In an analogous macaque study using rVACV, rMVA, and rFPV vectors from Therion (similar to the vectors used in HVTN 055) at a dose of 2 × 109
pfu which delivered SIV-derived inserts [20
], our group found evidence that a third dose of rMVA did elicit boosting of anti-orthopoxvirus humoral responses [7
]. In a regimen of rMVA-SIV at weeks 0, 8, 26, and 43, higher anti-VACV binding antibodies were seen at week 48 than in animals inoculated with either rMVA-SIV or rVACV-SIV followed by rFPV-SIV. Anti-vector NAb and comet neutralization were also boosted after the third dose [7
]. A fourth dose of rMVA-SIV did not lead to increases in anti-orthopoxvirus NAb titres, but peak titres were maintained for over four months [7
]. The differences in the vaccination schedule or dose of rMVA between the macaque study and HVTN 055 could explain the differences we observed in the pattern of immune responses following booster inoculation.

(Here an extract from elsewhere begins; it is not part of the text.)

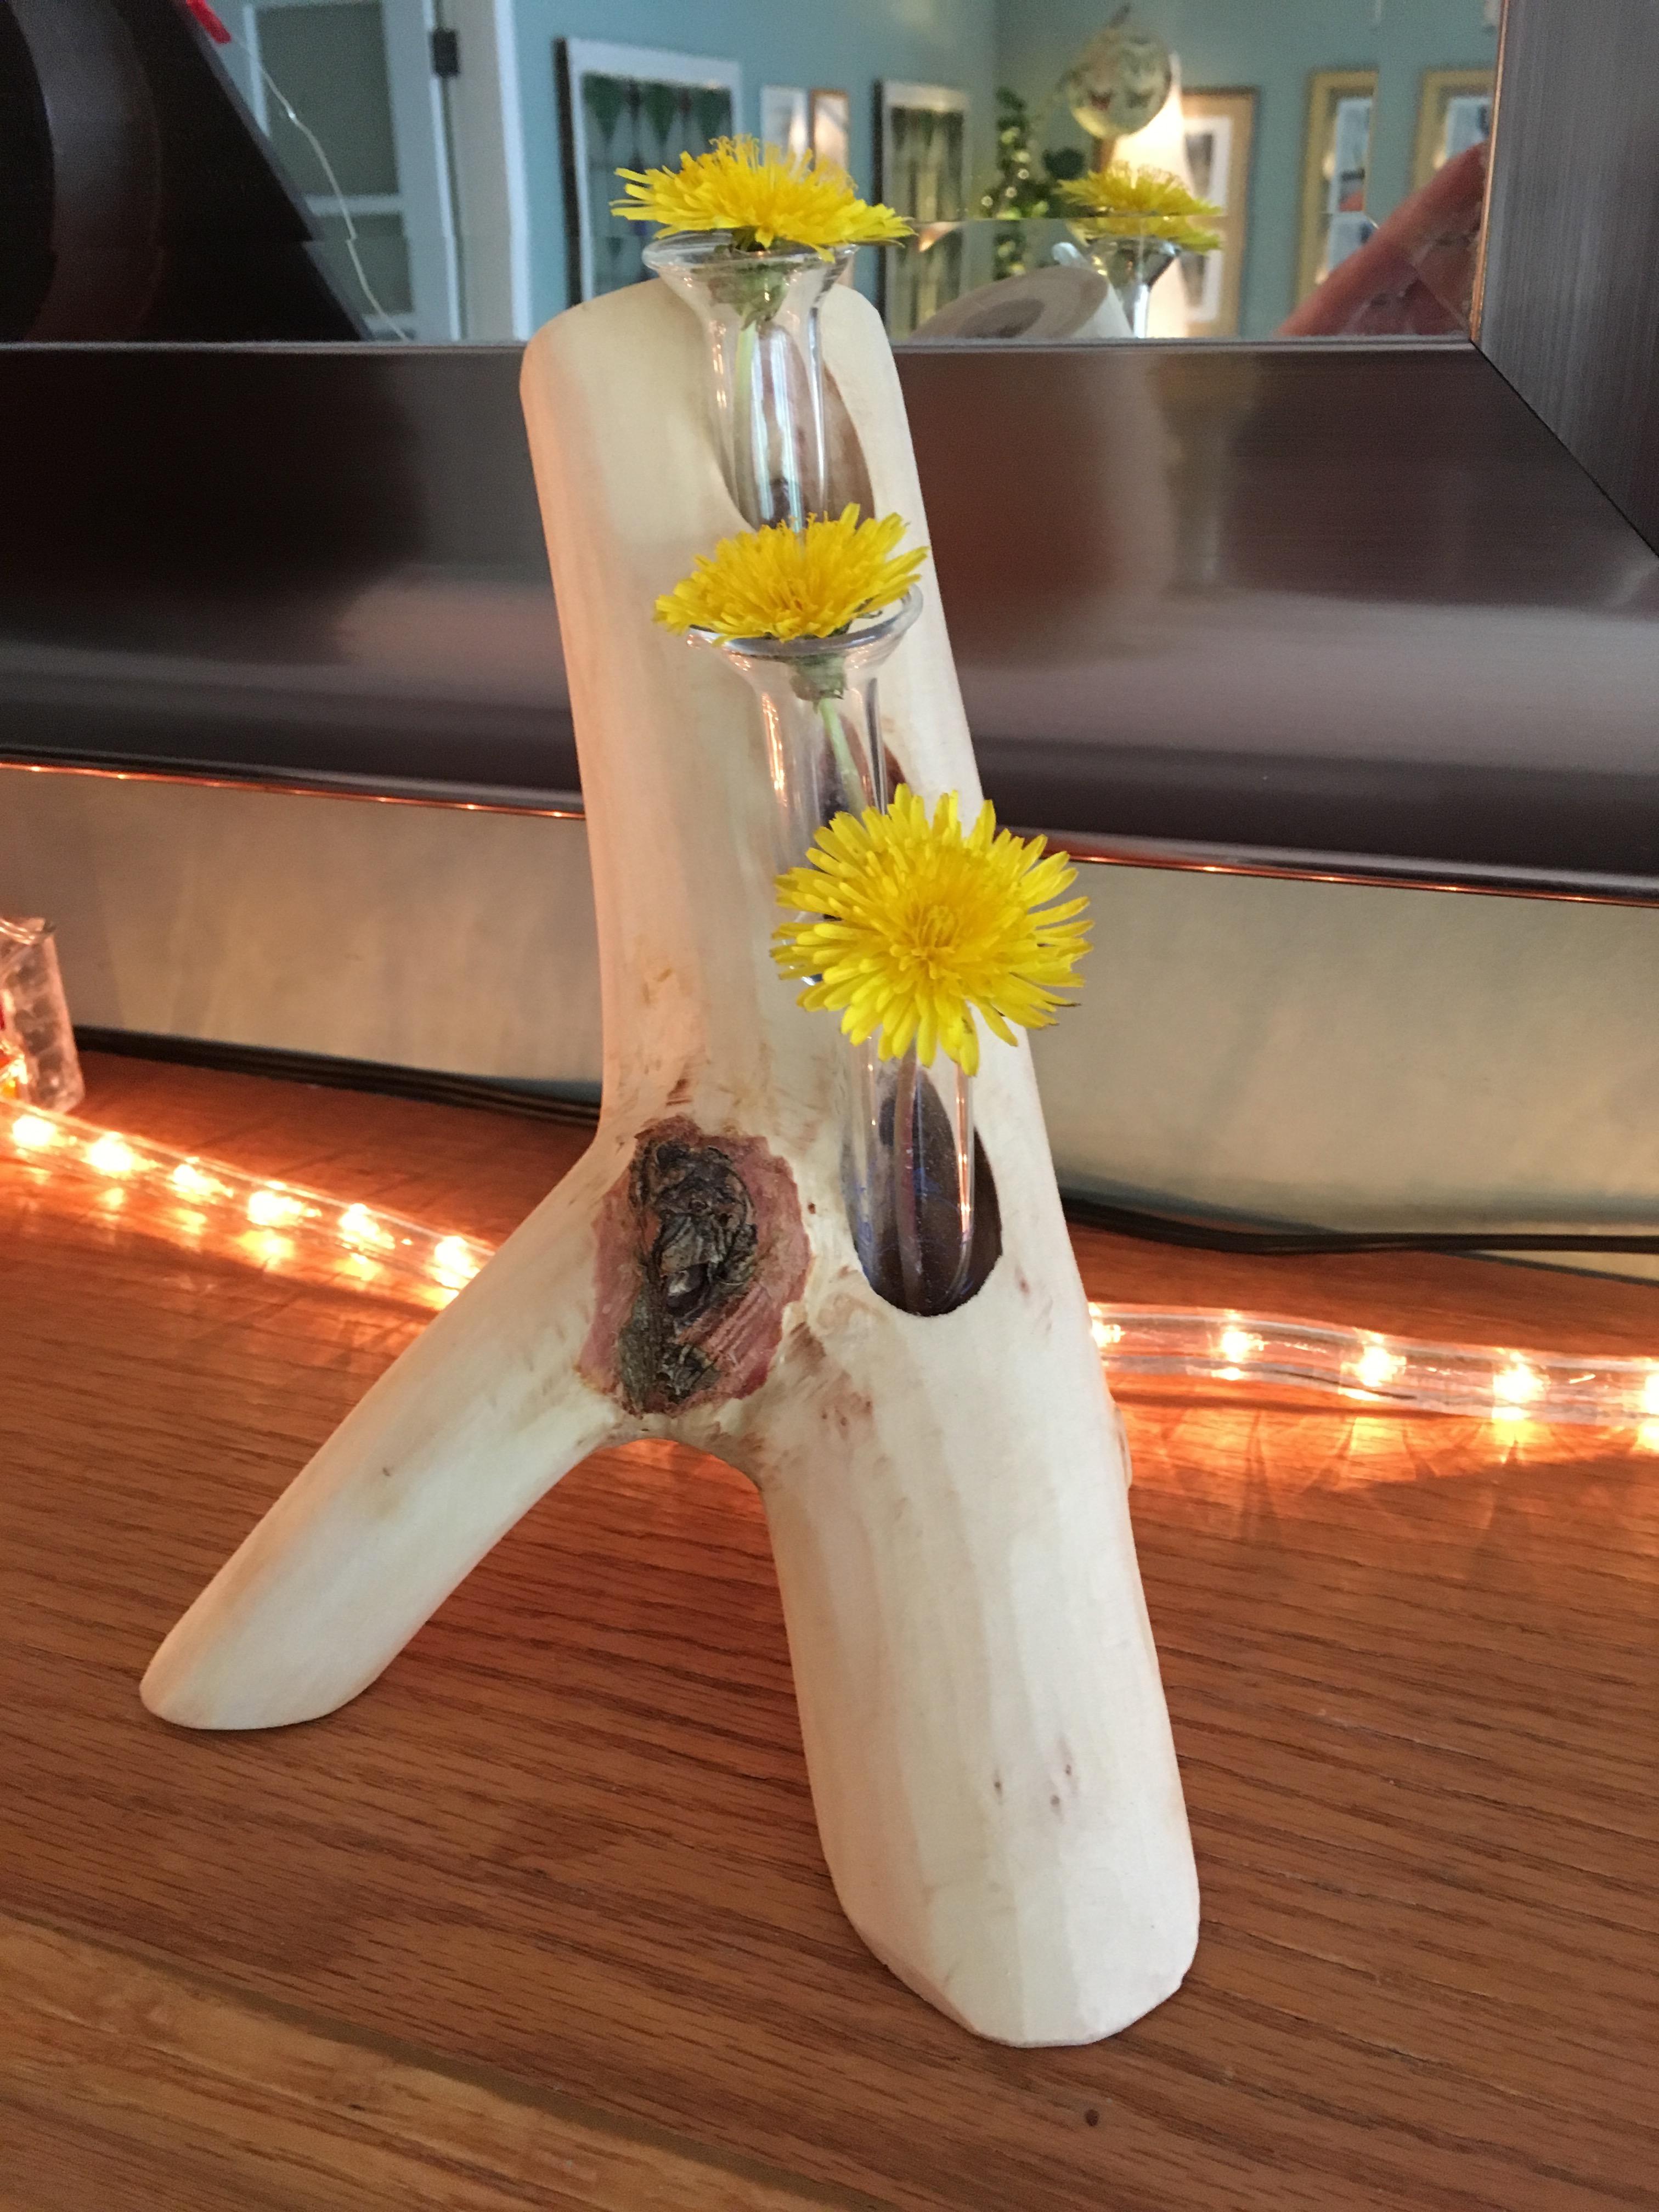 Picture of Dandelion Vase

Our results from HVTN 055 highlight several important concepts. First, orthopoxvirus-specific NAbs are induced by rMVA inoculation in a dose-dependent fashion from 1 × 107 to 1 × 109 pfu. While a second dose boosts NAb titres, further doses do not yield higher titres but do significantly delay the decay in NAb titres over more than one year of follow-up. Furthermore, orthopoxvirus-specific NAb titres were not different between subjects administered rMVA-HIV compared with those inoculated with the empty vector, suggesting that the HIV-1-derived insert does not interfere with induction of anti-vector humoral immune responses. Finally, anti-vector NAb responses elicited by rMVA-HIV do not interfere with the development of responses directed against the HIV-1-derived insert in an orthopoxvirus-naive cohort. In fact, the associations we identified suggest that there may be a positive, albeit modest, interaction between anti-vector and anti-insert responses. This possible association may reflect underlying host genetics or adjuvant-like properties of the viral vector and should be examined in a larger cohort with detailed examination of vector-induced cellular immune responses.